→ Assigned task:
The expected output is the line with "MATERIALIEN: Holz /" plus all lines after it to the end of the material below, reproduced exactly, with pictures omitted and nothing else included.

<<<<

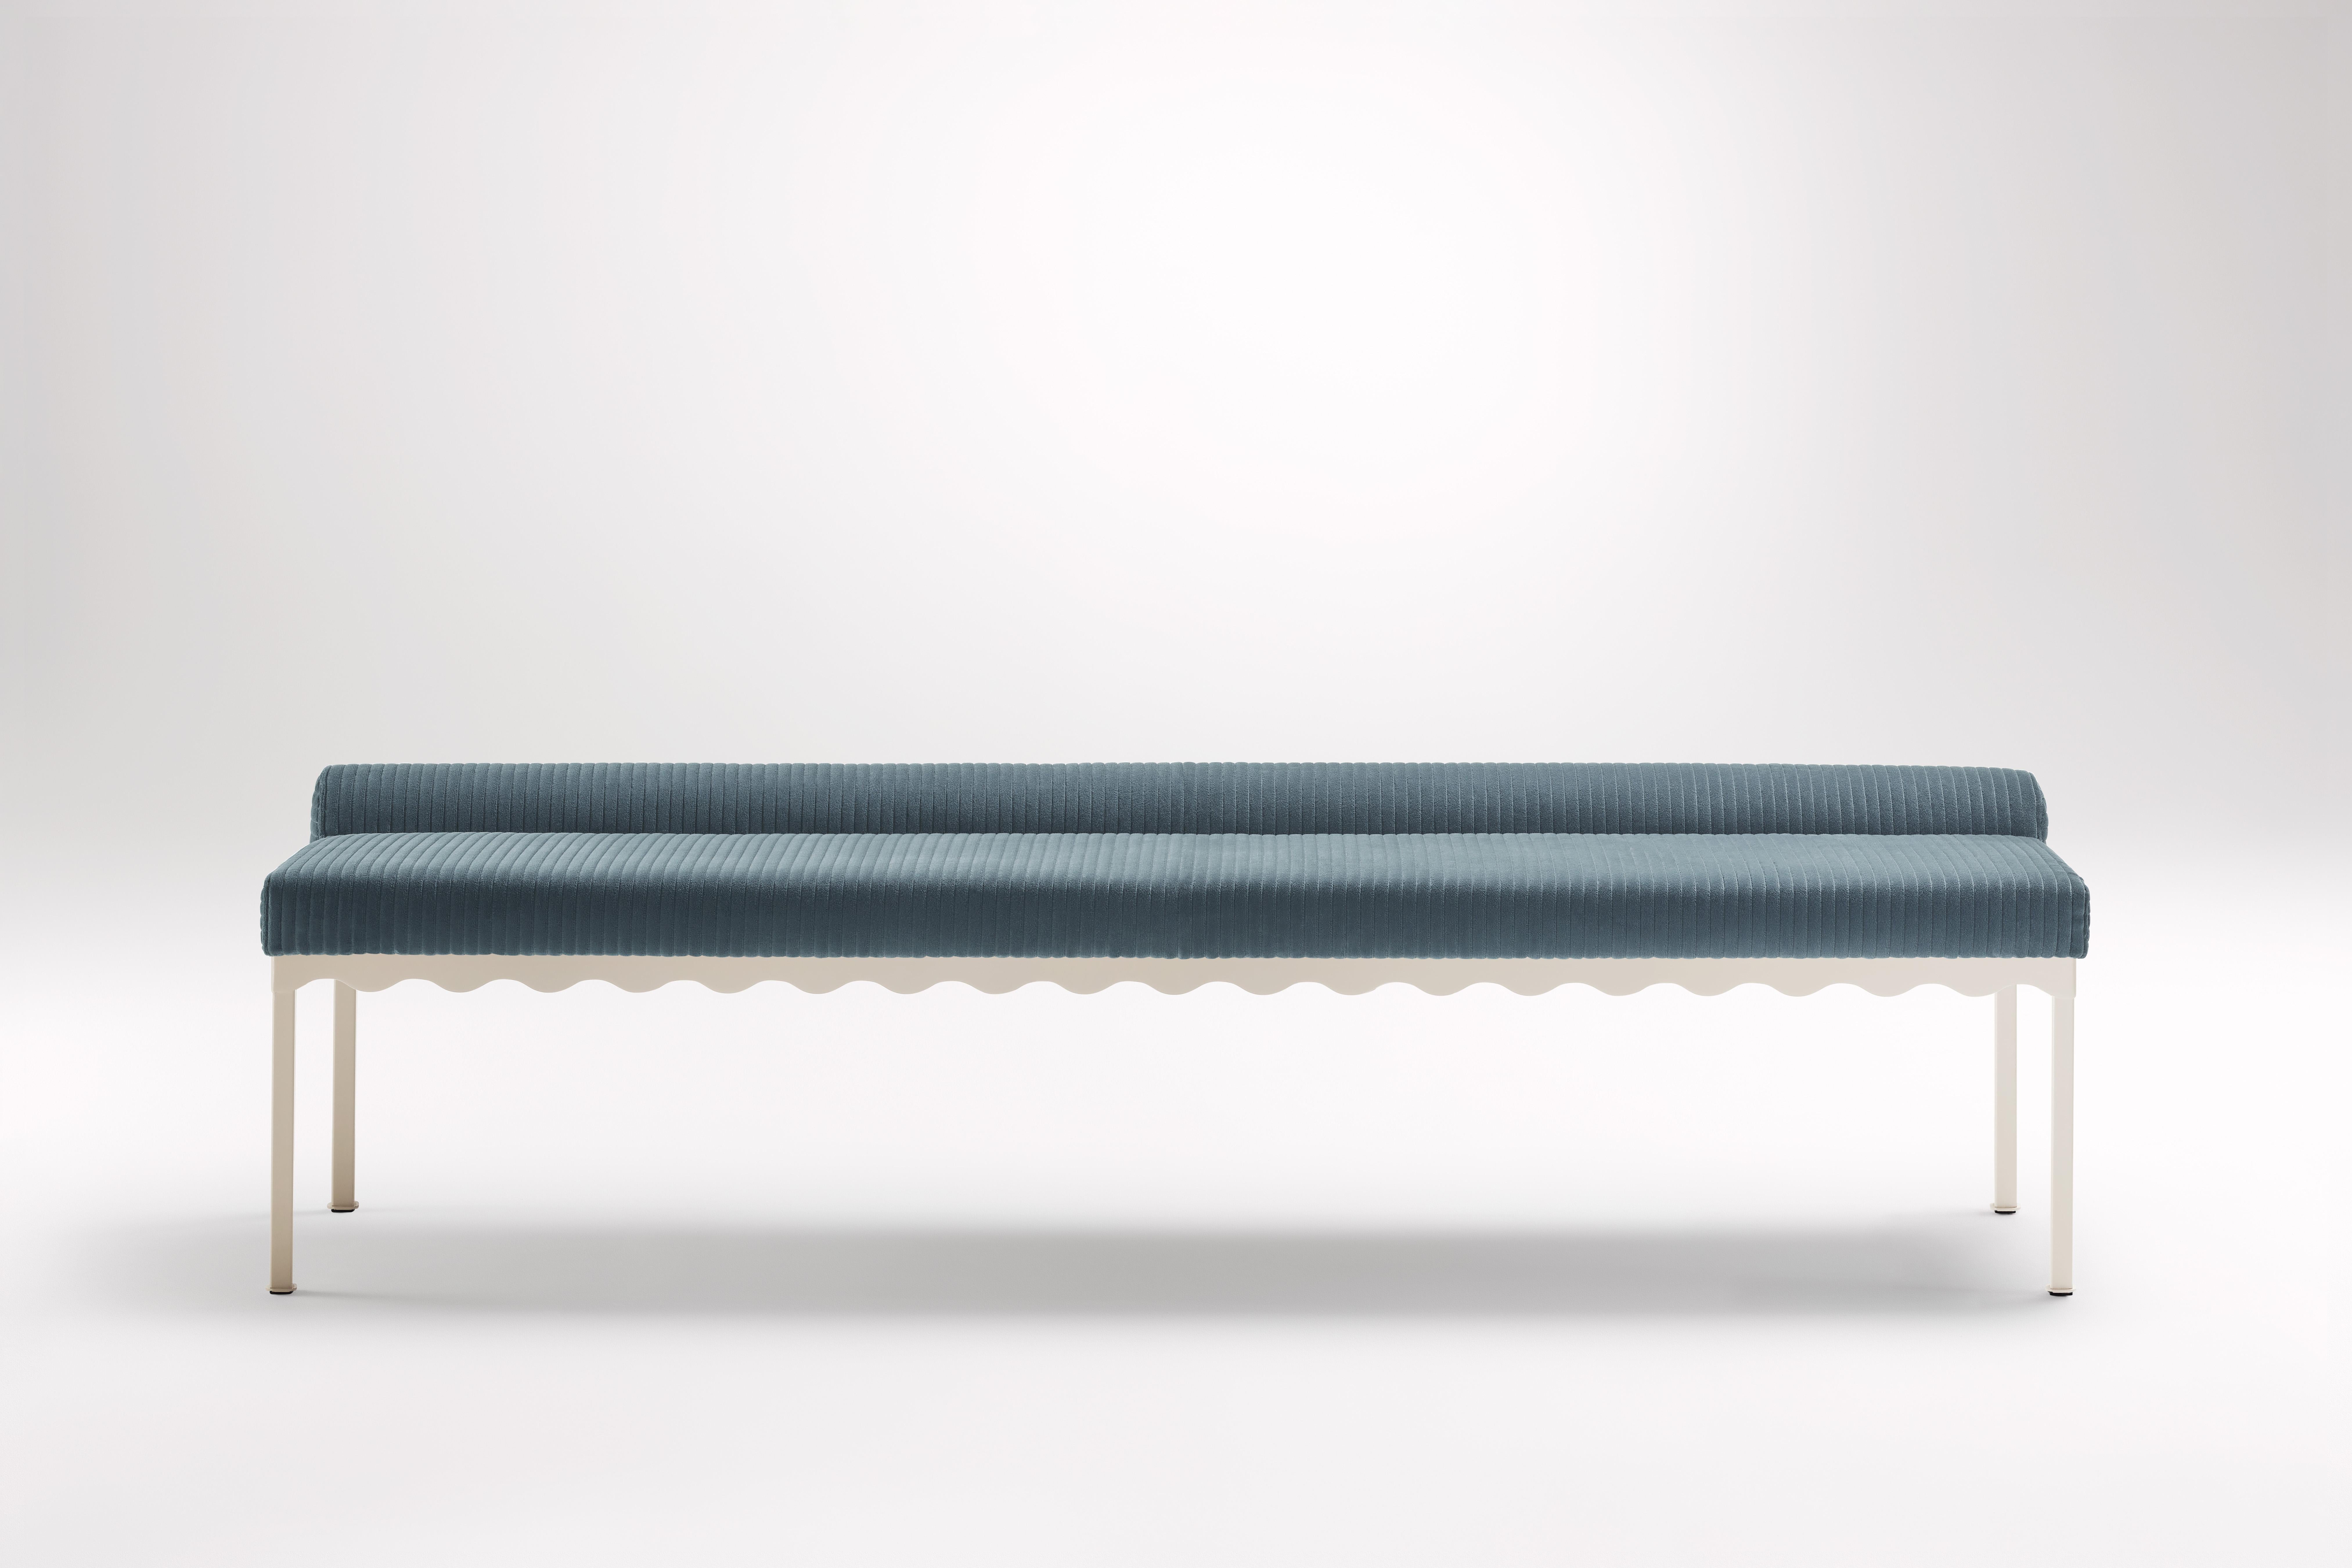 Oracle Bellini 2040 Bank von Coco Flip
Abmessungen: T 204 x B 54 x H 52,5 cm
MATERIALIEN: Holz / gepolsterte Platten, pulverbeschichteter Stahlrahmen. 
Gewicht: 30 kg
Rahmen-Oberflächen: Textura Paperbark.

Coco Flip ist ein Studio für Möbel- und
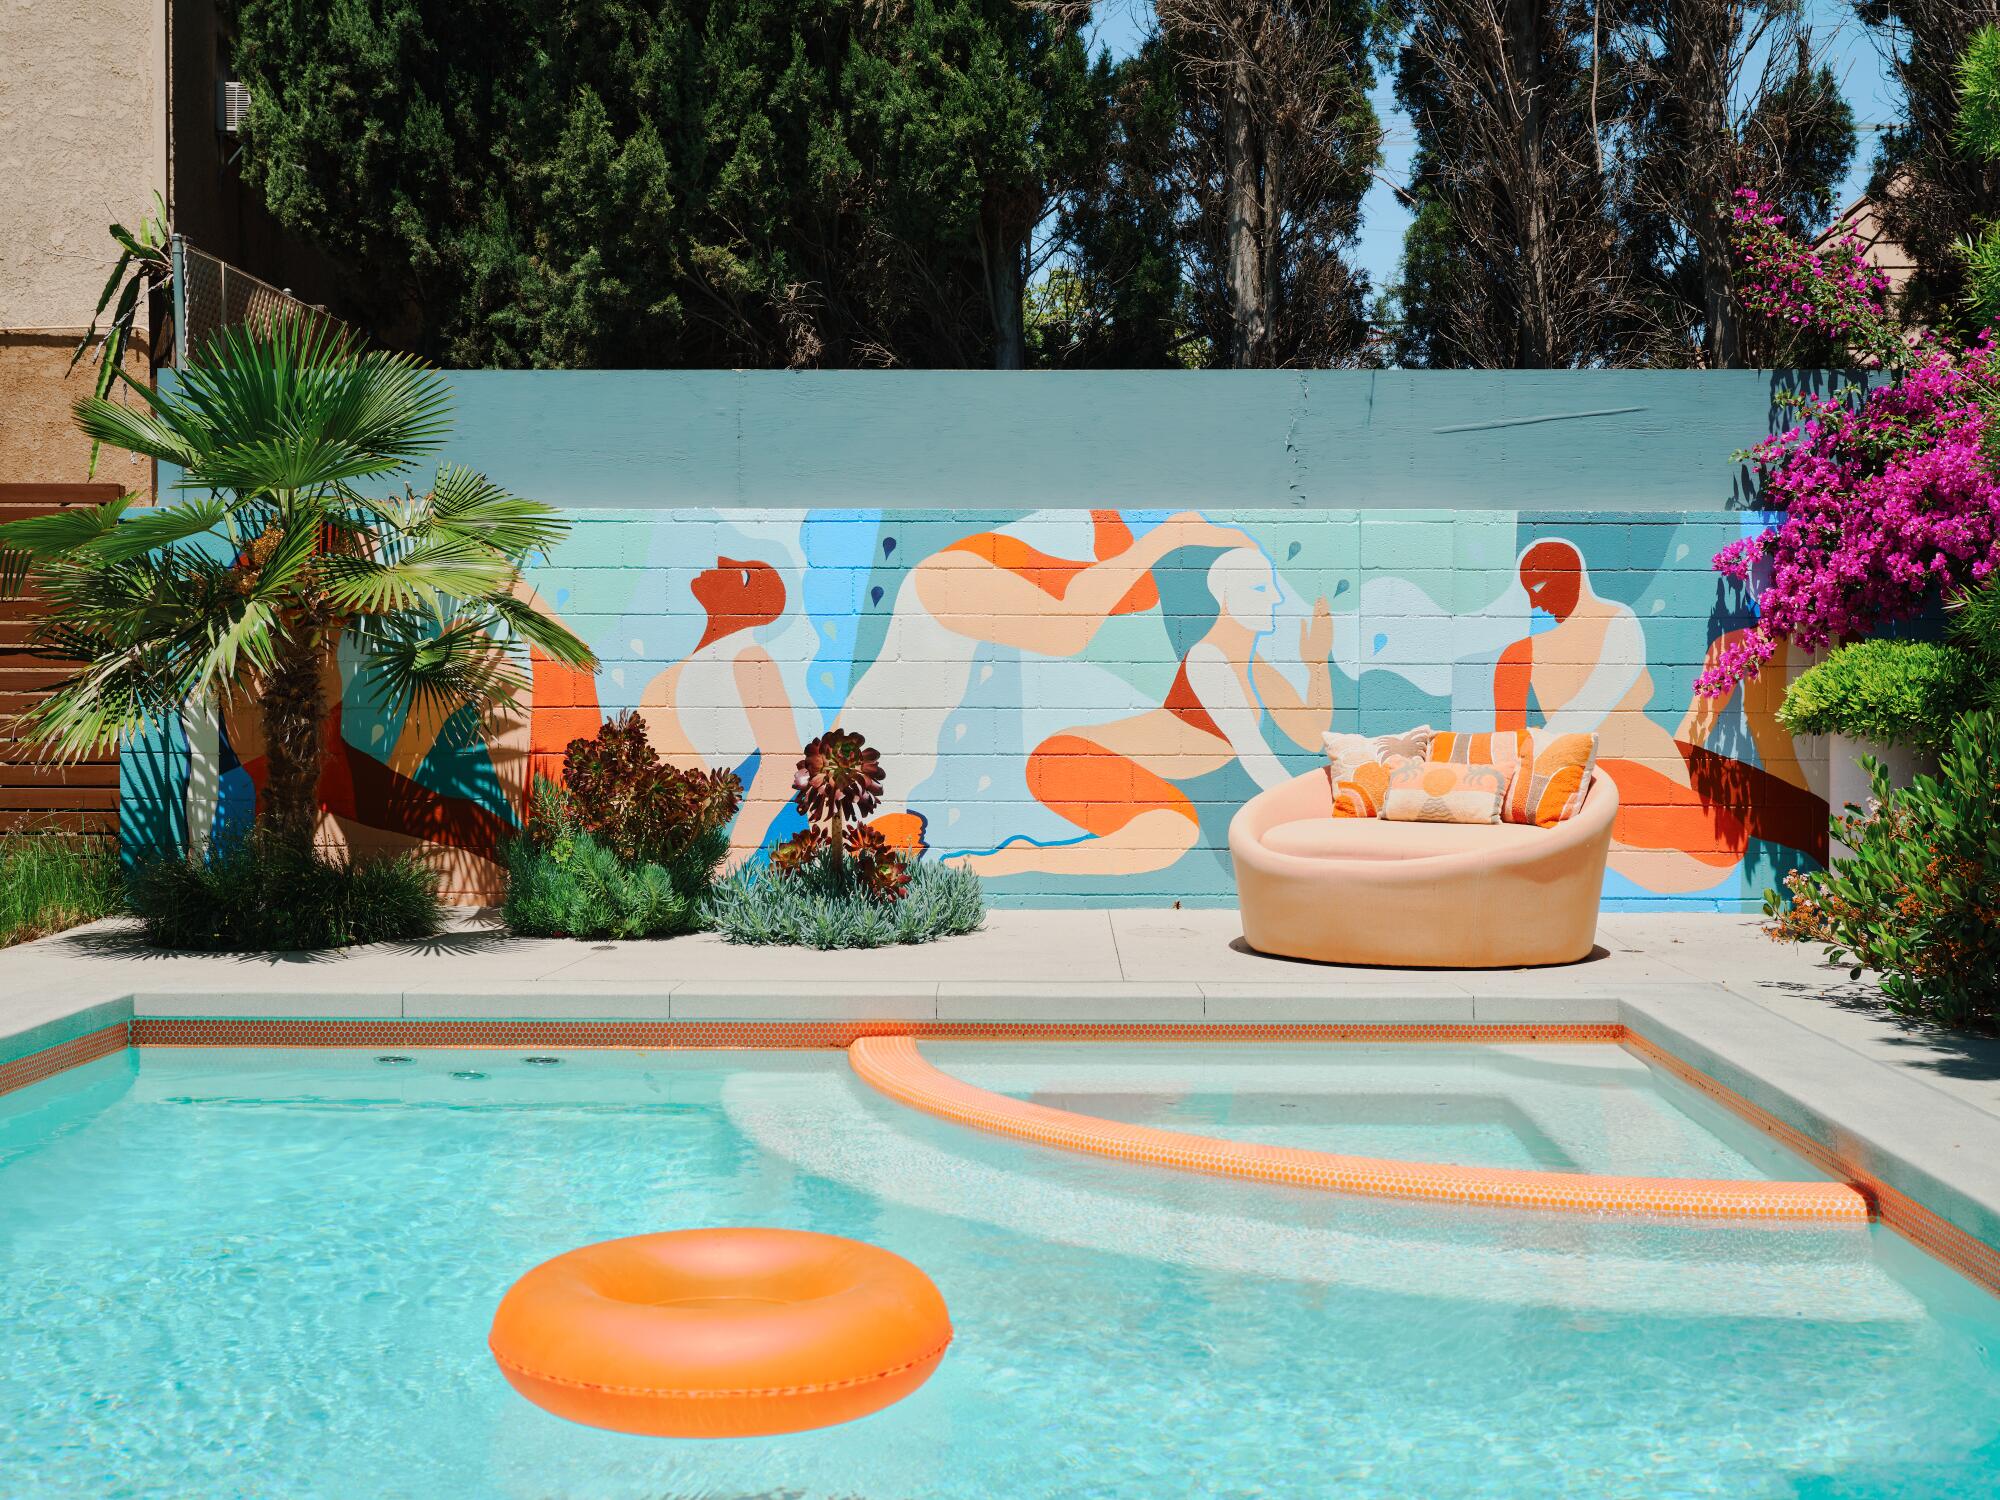 Un anillo de respiración naranja flota en la piscina junto a una pared que resalta a los nadadores vestidos de naranja.

>>>>

→ The completed task:
MATERIALIEN: Holz / gepolsterte Platten, pulverbeschichteter Stahlrahmen. 
Gewicht: 30 kg
Rahmen-Oberflächen: Textura Paperbark.

Coco Flip ist ein Studio für Möbel- und
 Un anillo de respiración naranja flota en la piscina junto a una pared que resalta a los nadadores vestidos de naranja.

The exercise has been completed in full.